But there are mounting challenges to the preservation of Adivasi culture and cuisine. Despite affirmative-action quotas for tribal people in public sector education and jobs, “The Indian government doesn’t recognize us as Adivasi or indigenous,” says Tirkey. As a result, Adivasi people tend to be economically disempowered. Indian government policies often divest indigenous communities of their traditional land rights, limiting heritage agricultural and food practices such as foraging. The recent increase in state-level bans on beef consumption, part of the Indian government’s pivot toward Hindu nationalist policies, have challenged the rights of many communities, including Adivasis and Muslims, to consume food in line with their cultural heritage.
Meanwhile, industrial agriculture has severely challenged indigenous food sovereignty. While the Green Revolution of the 1960 and ’70s vastly boosted India’s food production, it also homogenized crops, replacing diverse regional grains with standardized wheat and rice. Industrial methods led to a decline in food diversity, and severely taxed water resources.

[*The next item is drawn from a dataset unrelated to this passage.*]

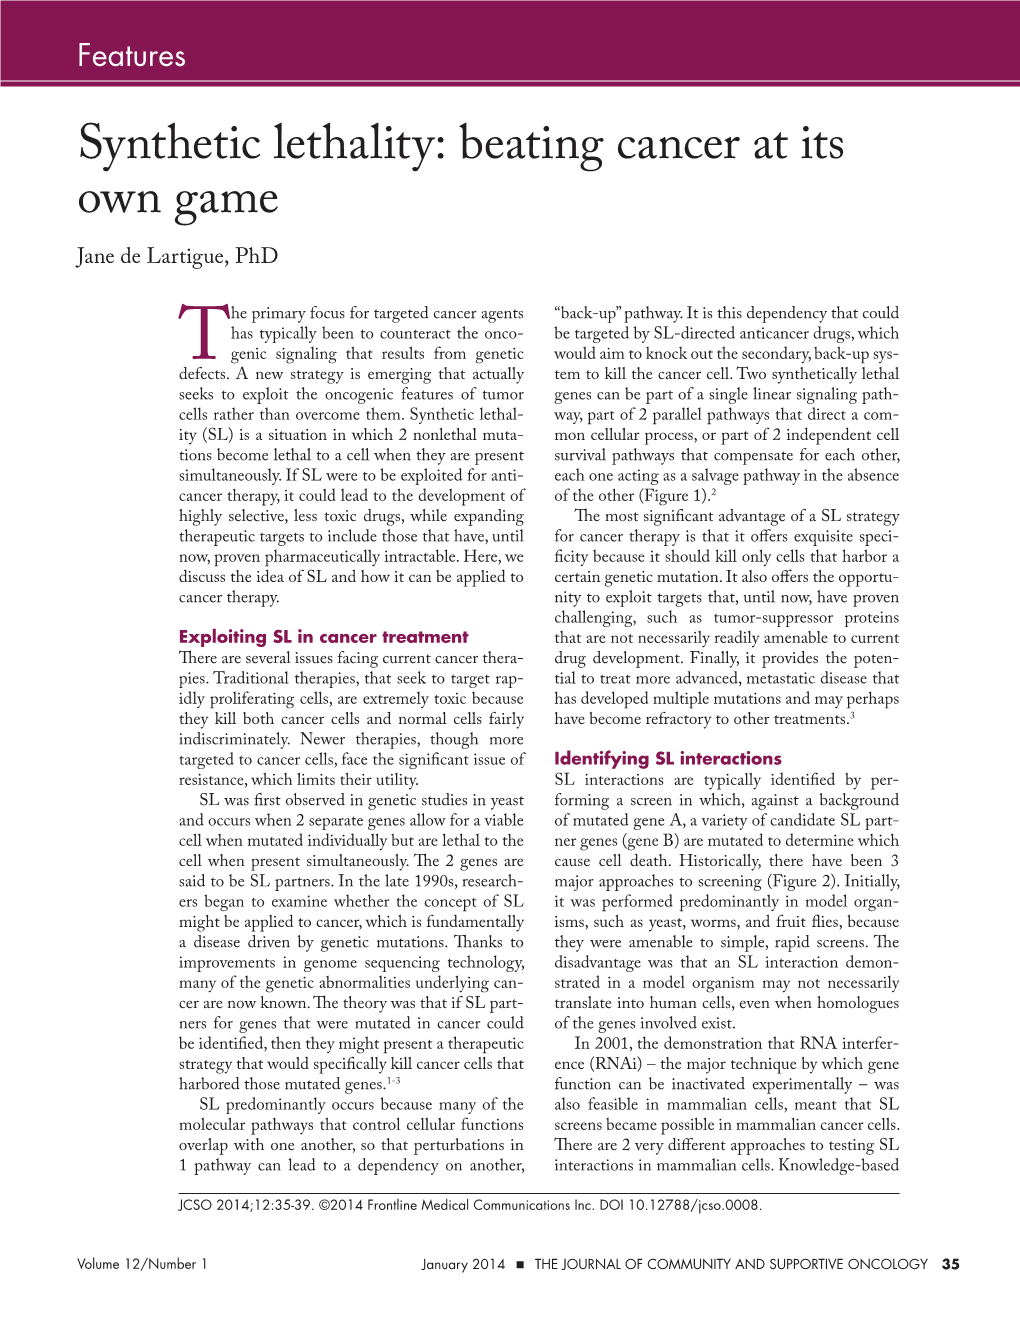 Synthetic Lethality: Beating Cancer at Its Own Game Jane De Lartigue, Phd
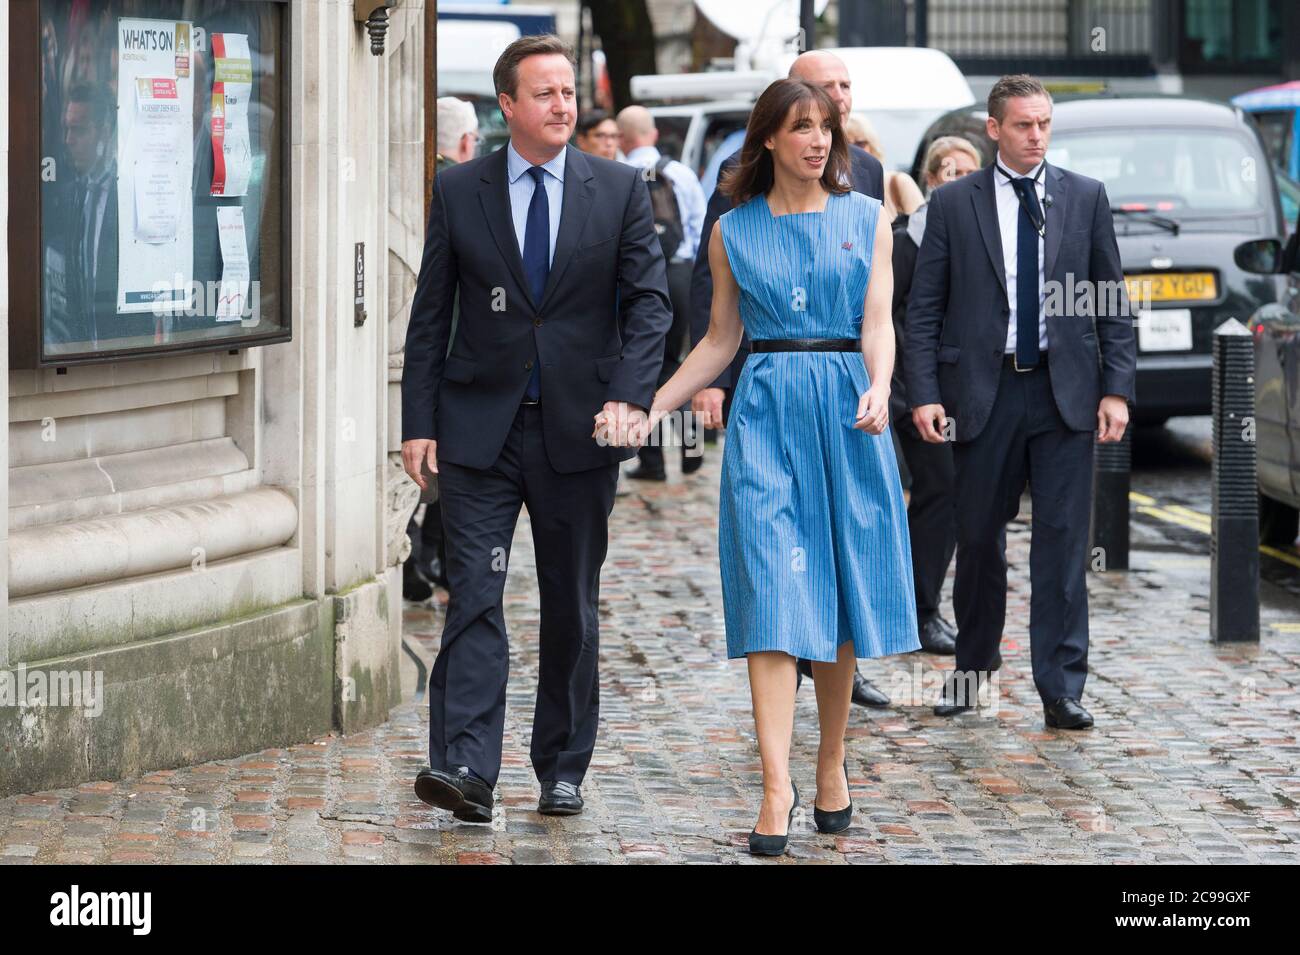 British Prime Minister David Cameron arriving with his wife Samantha to vote in the British referendum on whether to remain part of European Union or leave, Methodist Central Hall Westminster, London, UK.  23 Jun 2016 Stock Photo

The rise of Western-style fast food in India has exacerbated this shift.
Tirkey says these challenges aren’t just a blow to culinary knowledge: They’re a threat to indigenous peoples’ sense of self. “We are forgetting our food,” she says. “Loss of food also means loss of culture and identity.”
For many indigenous people, the stakes are even higher. Since the 1960s, particularly in the states of West Bengal, Jharkhand, and Chhattisgarh, struggles over land, including mining exploitation, have fueled an armed conflict between Maoist militants and the Indian government. Adivasis have borne the brunt of this violence. Similarly, in India’s overwhelmingly indigenous Northeastern states, including Nagaland, acrimony against the Indian government has often taken the form of a secessionist militancy, with an accompanying history of Indian armed forces perpetrating human rights abuses on civilians.
Rymbai, who comes from the Northeast, hopes initiatives such as Slow Food’s recently established Nagaland chapter will add another outlet for young people to channel aspirations for autonomy away from militancy and toward cultural assertion. “We opened a Nagaland chapter in the region because that’s the only way that our youth can put down guns and pick up forks,” he says.
Visitors to Ajam Emba can witness this mission in action. The restaurant’s menu is rooted in the cultural traditions of the women on its staff, and in the flora and fauna of Jharkhand. Cooked in earthen pots and served wrapped in leaves, menu items evoke the tastes and smells of the nearby forests from which they’re sourced: plump little shrimp and snails known as chingdi and ghunghi tien; delicate sanei phool, or jute flowers; and stewed desi chicken, local breeds sourced from rural markets, whose flesh is believed to be more flavorful than industrially farmed chickens. And of course, the menu is filled with traditional grains, from millet roti to wild rice.
Ajam Emba’s mission isn’t just about preserving the past: It’s also about using indigenous food to imagine a more sustainable future. To do that, Tirkey says, Ajam Emba has embraced innovation “without losing core properties of indigenous food.” A case in point: One of the restaurant’s most popular dishes is millet momos, a take on the white-flour Himalayan dumplings that are also a popular Indian street snack. Unlike the expensive packaged millet Tirkey saw in the department store nearly a decade ago, however, this innovation is by, and for, indigenous Indians.